Under the new rules, banks and microfinance institutions are explicitly prohibited from coercing clients into selling their land to repay loans.
Instead, these institutions are urged to engage in fair and flexible negotiations that prioritise the borrower’s ability to repay without resorting to the forced sale of their assets.
“For clients with collateral, financial institutions must be flexible in negotiating with them, without resorting to forcing them to sell their land,” explained Sok Chan, head of financial inclusion and public relations at the ABC.
“We are concerned about indigenous borrowers who have mortgaged assets such as land,” he said, emphasising the importance of protecting these vulnerable groups.
The guidelines also set out strict measures to safeguard borrowers who have already pledged such lands as collateral.
The guidelines, effective from August 16, also prohibit the acceptance of certain types of collectively-owned or state-owned land as collateral for new loans.
This includes state private land, public state land that is already registered, indigenous community land, collective land, land which is under the jurisdiction of the APSARA National Authority, wildlife sanctuary land, protected areas and other protected land.
These categories of communally-held or state-owned lands may not be accepted as security for new loan agreements.
In accordance with institutional guidelines, any collateral involving land must be handled with the utmost care and integrity.
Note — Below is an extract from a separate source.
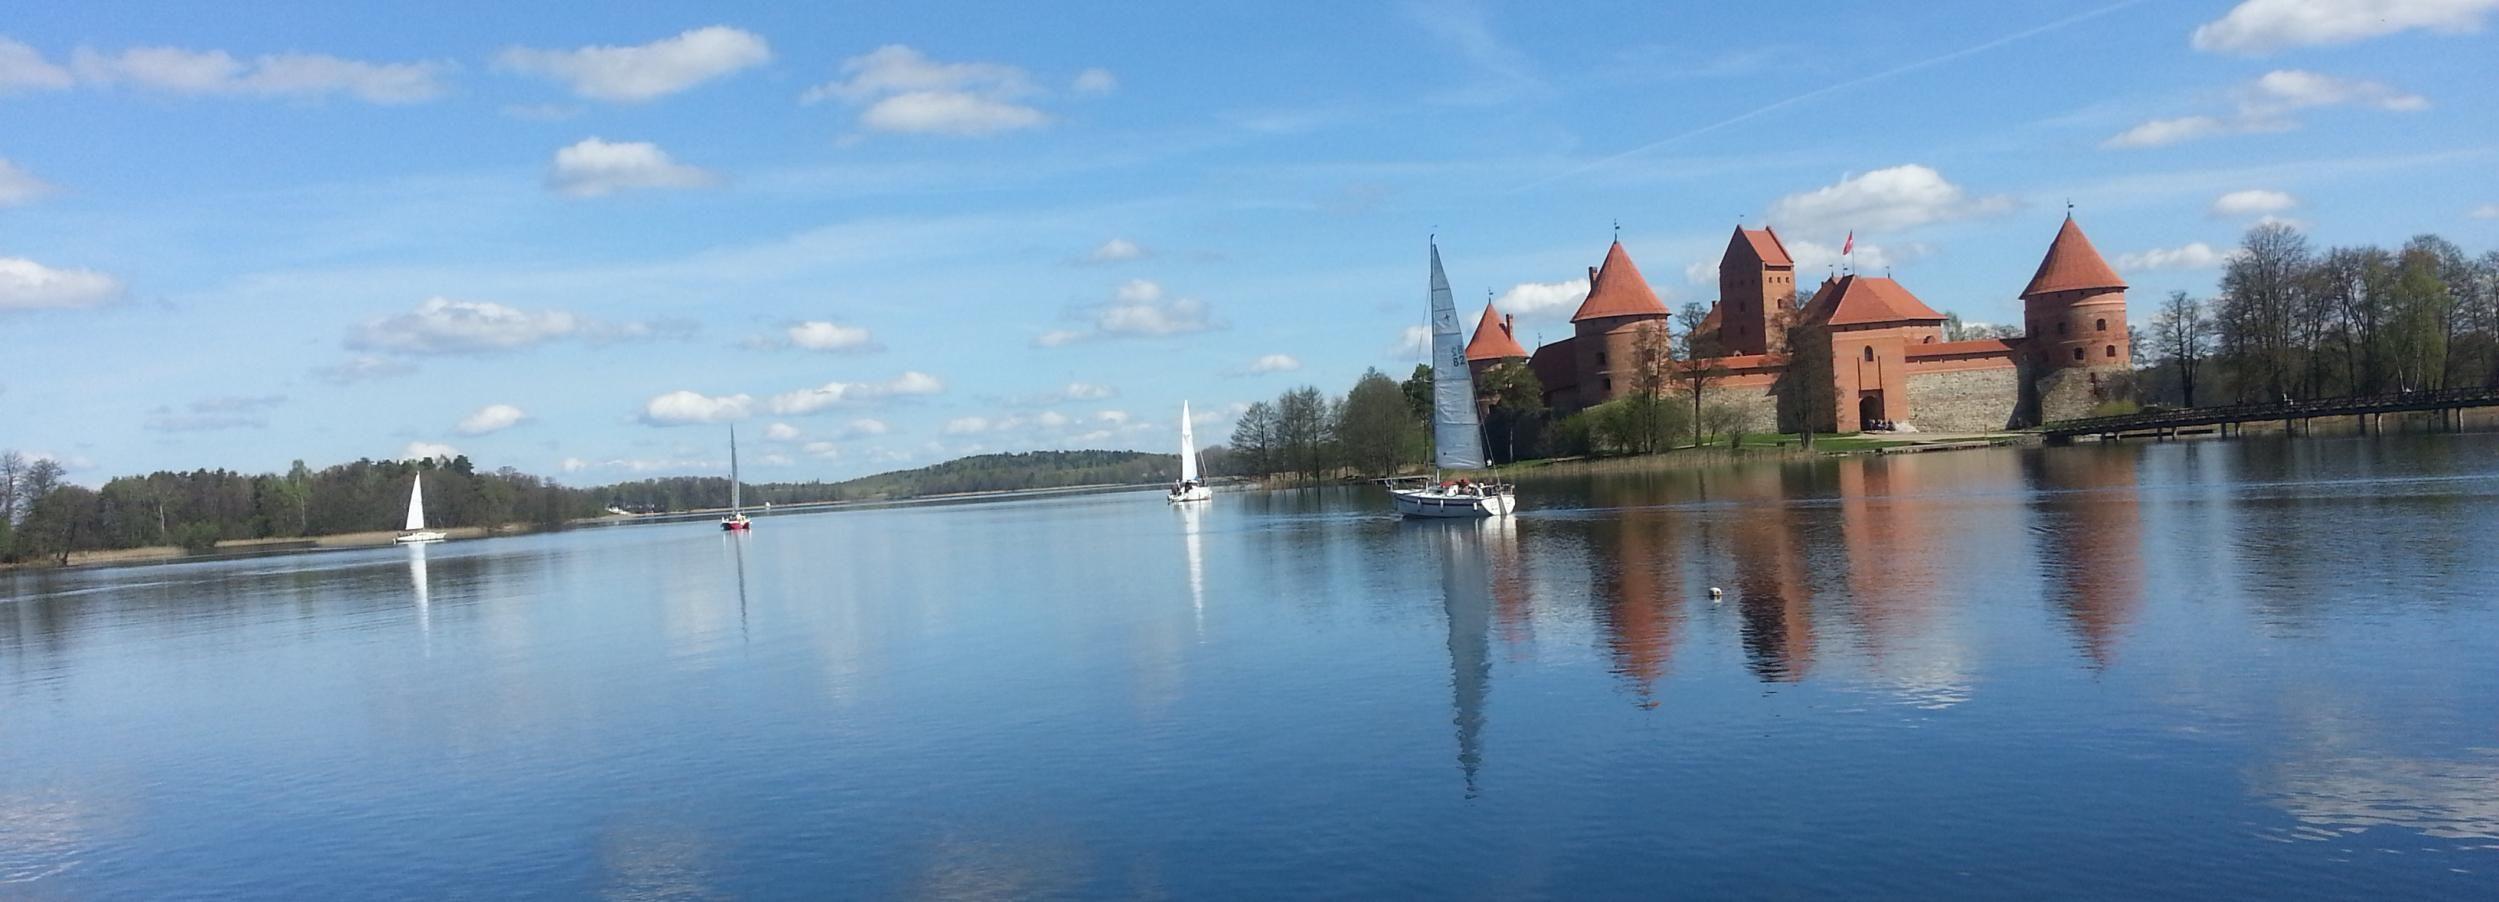 Vilnius, Trakai e Kernave Privada Full-Day Tour

All financial institutions are strictly prohibited from using coercive sales tactics or encouraging customers to sell their land.
Upon full repayment of the loan, the title deed used as collateral must be promptly returned to the customer.
Additionally, the institution is explicitly forbidden from accepting personal identification documents –such as National Identity Cards, family books, residence books, passports, birth certificates or equity cards (ID Poor) – as collateral for credit.
Chan stressed that these measures are part of the broader responsibility of financial institutions to adhere to ethical lending practices, as outlined in the Code of Conduct which was issued in March 2022.
To ensure compliance, the ABC has established a hotline for customer complaints and plans to evaluate 30 institutions in the initial phase of enforcing these guidelines.